⁸⁹Zr-PET imaging of DNA double-strand breaks for the early monitoring of response following α- and β-particle radioimmunotherapy in a mouse model of pancreatic ductal adenocarcinoma

Sophie Poty^1✉, Komal Mandleywala¹, Edward O'Neill², James C. Knight^2,3, Bart Cornelissen², Jason S. Lewis^1,4,5,6✉

1. Department of Radiology, Memorial Sloan Kettering Cancer Center, NY, USA
2. CRUK/MRC Oxford Institute of Radiation Oncology, Department of Oncology, University of Oxford, Oxford, UK
3. School of Natural and Environmental Sciences, Newcastle University, Newcastle upon Tyne, UK
4. Radiochemistry and Molecular Imaging Probes Core, Memorial Sloan Kettering Cancer Center, New York, NY, USA
5. Weill Cornell Medical College, New York, NY, USA
6. Molecular Pharmacology Program, Memorial Sloan Kettering Cancer Center, New York, NY, USA

✉ Corresponding authors: Jason S. Lewis, Department of Radiology, 1275 York Avenue, Memorial Sloan Kettering Cancer Center, NY, 10065, USA; Email: lewisj2org. Sophie Poty, Department of Radiology, 1275 York Avenue, Memorial Sloan Kettering Cancer Center, NY, 10065, USA; Email: sophie.potyfr More

Abstract

Rationale: The evaluation of early treatment response is critical for patient prognosis and treatment planning. When the current methods rely on invasive protocols that evaluate the expression of DNA damage markers on patient biopsy samples, we aim to evaluate a non-invasive PET imaging approach to monitor the early expression of the phosphorylated histone γH2AX in the context of pancreatic cancer targeted radionuclide therapy. Pancreatic ductal adenocarcinoma has a poor patient prognosis due to the absence of curative treatment for patients with advanced disease. There is therefore a critical need for the fast clinical translation of new therapeutic options. In line with these observations, our group has been focusing on the development of radiotheranostic agents based on a fully human monoclonal antibody (5B1) with exceptional affinity for CA19.9, an antigen overexpressed in PDAC. Two on-going clinical trials resulted from these efforts, one with ⁸⁹Zr (diagnosis) and one with ¹⁷⁷Lu (β-particle therapy). More recently, we successfully developed and evaluated in PDAC mouse models a targeted α-therapy strategy with high clinical translation potential. We aim to expedite the clinical translation of the developed radioimmunotherapy approaches by investigating the early therapeutic response and effect of radiation therapy in a PDAC mouse model via PET imaging.

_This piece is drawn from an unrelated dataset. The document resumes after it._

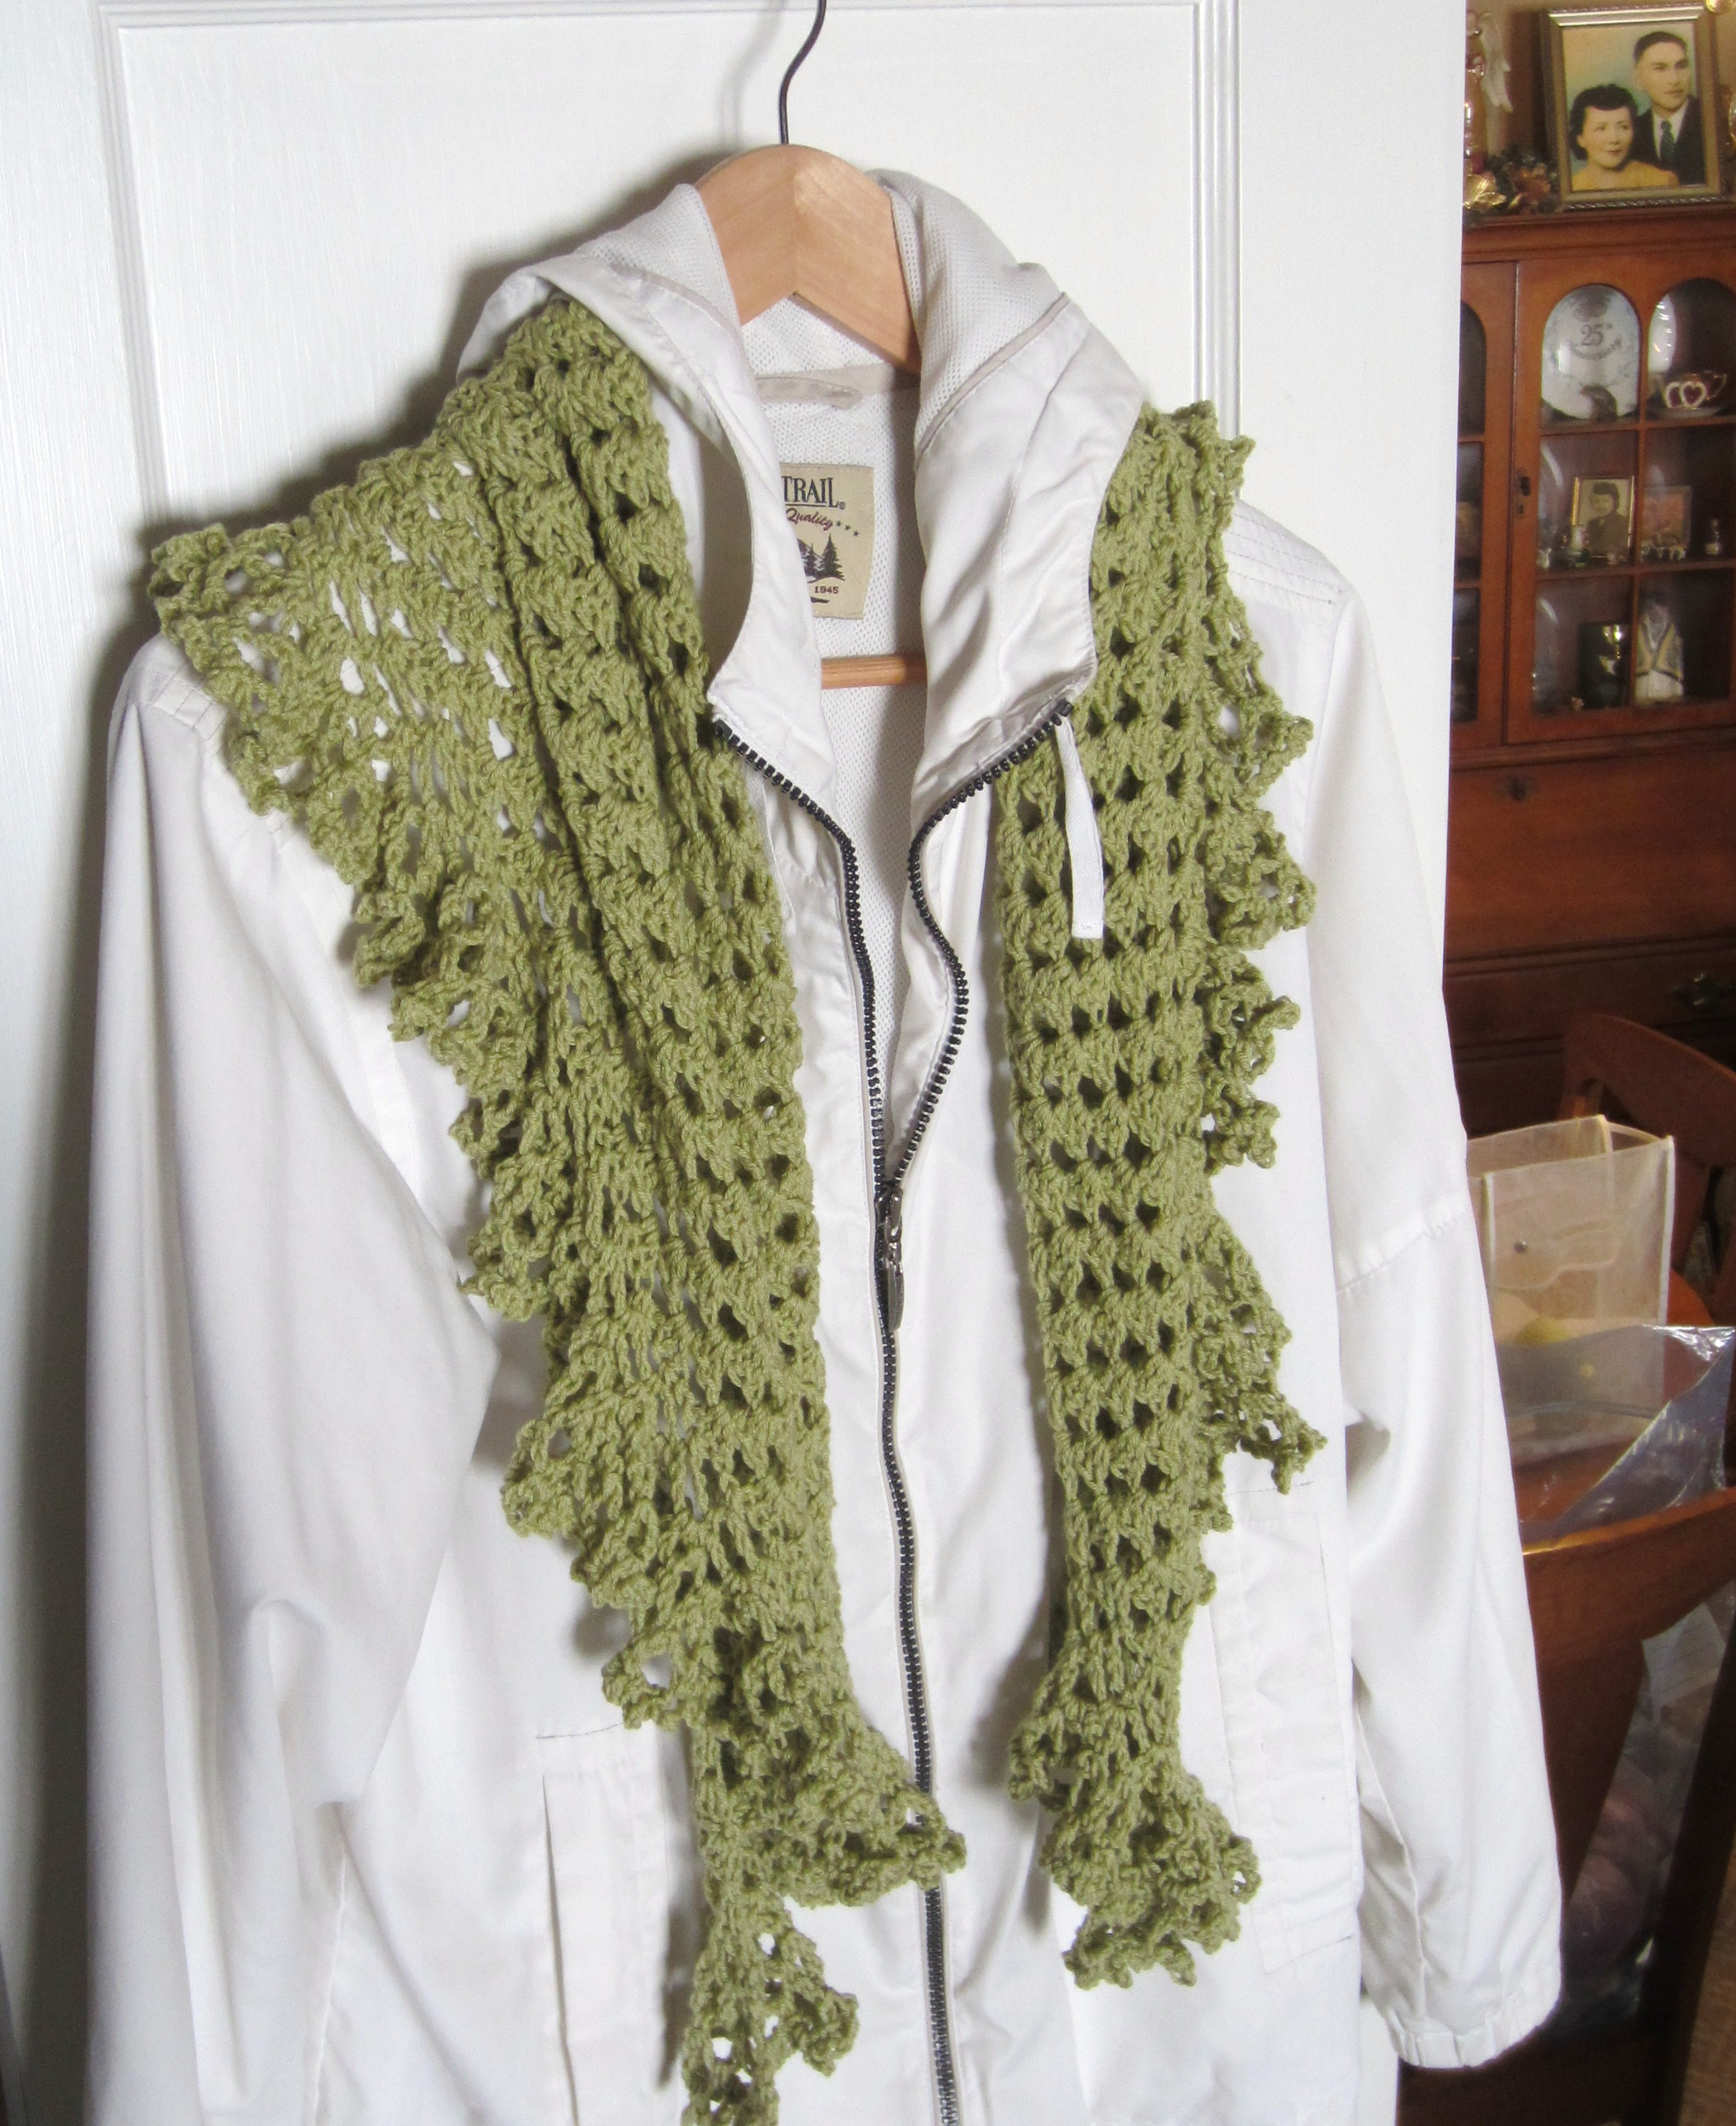 Crocheting Scarf : ruffle border, crochet library, granny scarf, green, shawlette 015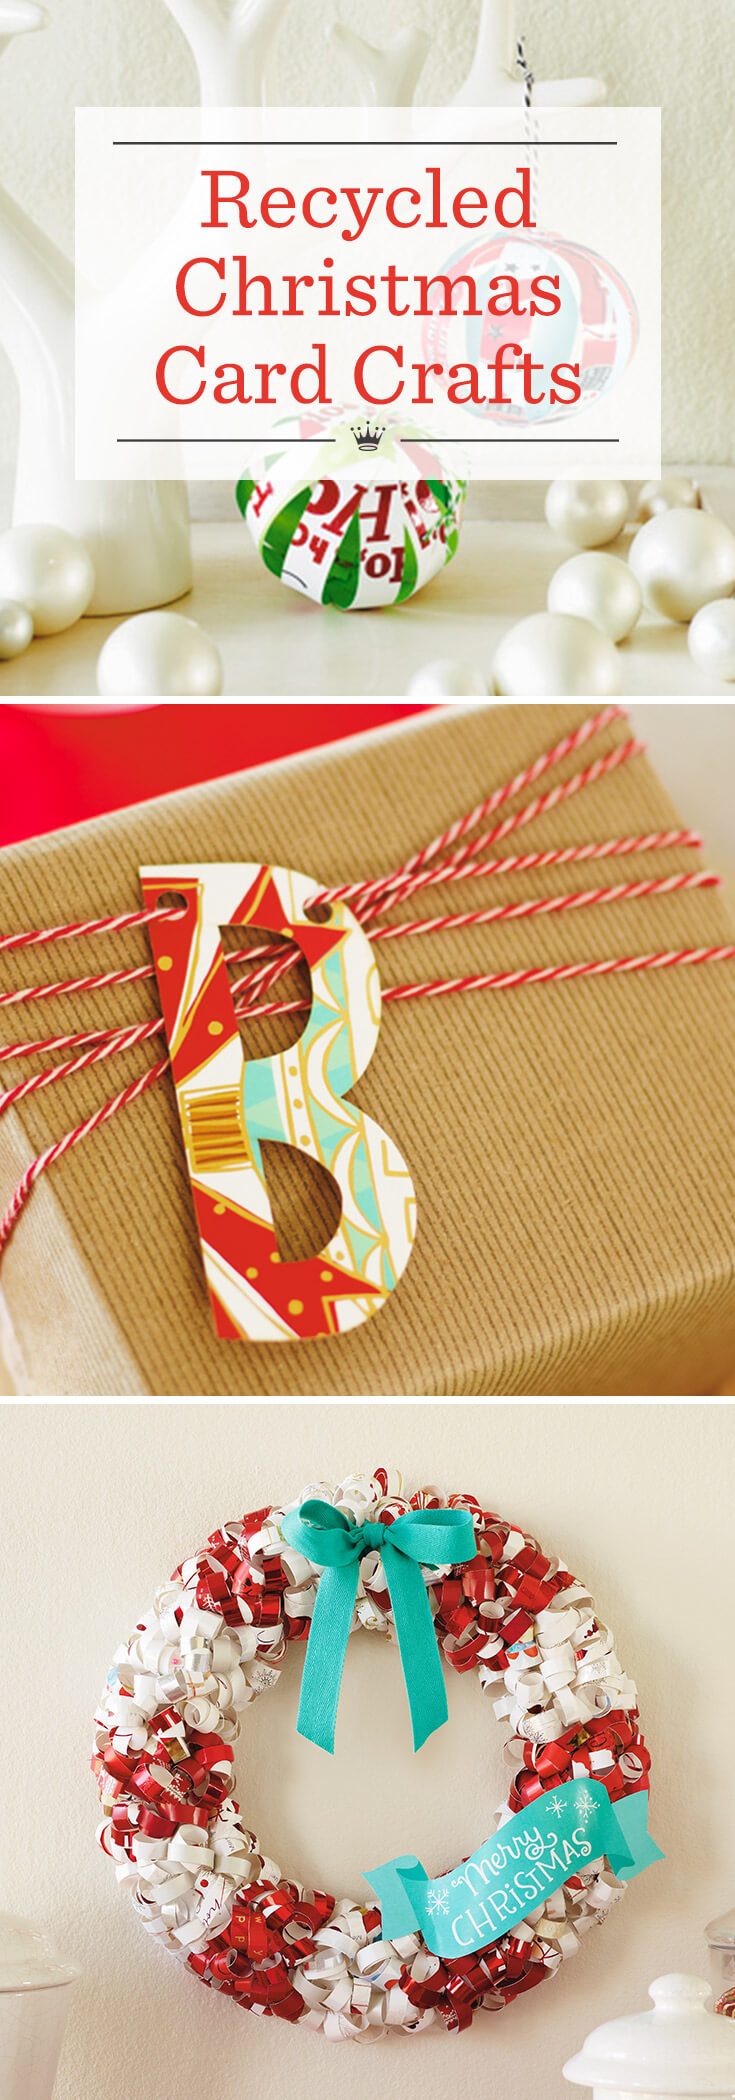 Christmas Card Crafts | Hallmark Ideas & Inspiration

Methods: Mice bearing BxPC3 tumor xenografts were treated with α- and β-particle pretargeted radioimmunotherapy (PRIT), external beam radiotherapy (EBRT), or sham-treated (vehicle). The phosphorylated histone γH2AX produced as a response to DNA double strand breaks was quantified with the PET radiotracer, [⁸⁹Zr]Zr-DFO-anti-γH2AX-TAT.

Results: PET imaging studies in BxPC3 PDAC mouse models demonstrated increased uptake of [⁸⁹Zr]Zr-DFO-anti-γH2AX-TAT (6.29 ± 0.15 %IA/g) following β-PRIT in BxPC3 PDAC xenografts as compared to the saline control group (4.58 ± 0.76 %IA/g) and EBRT control group (5.93 ± 0.76 %IA/g). Similarly, significantly higher uptake of [⁸⁹Zr]Zr-DFO-anti-γH2AX-TAT was observed in tumors of the ²²⁵Ac-PRIT and EBRT (10 Gy) cohorts (7.37 ± 1.23 and 6.80 ± 1.24 %IA/g, respectively) compared to the negative control cohort (5.08 ± 0.95 %IA/g). Ex vivo γH2AX immunohistochemistry and immunofluorescence analysis correlated with in vivo ⁸⁹Zr-anti-γH2AX PET/CT imaging with increased γH2AX positive cell and γH2AX foci per cell in the treated cohorts. When α-PRIT resulted in prolonged overall survival of treated animals (107.5 days) as compared to β-PRIT (73.0 days), no evidence of difference in [⁸⁹Zr]Zr-DFO-anti-γH2AX-TAT uptake at the tumor site was observed, highlighting that DNA damage is not the sole radiobiology paradigm and that off-targeted (bystander) effects should be considered.

Conclusions: PET imaging studies with [⁸⁹Zr]Zr-DFO-anti-γH2AX-TAT following α- and β-particle PRIT in a BxPC3 PDAC subcutaneous xenograft mouse model allowed the monitoring of tumor radiobiological response to treatment.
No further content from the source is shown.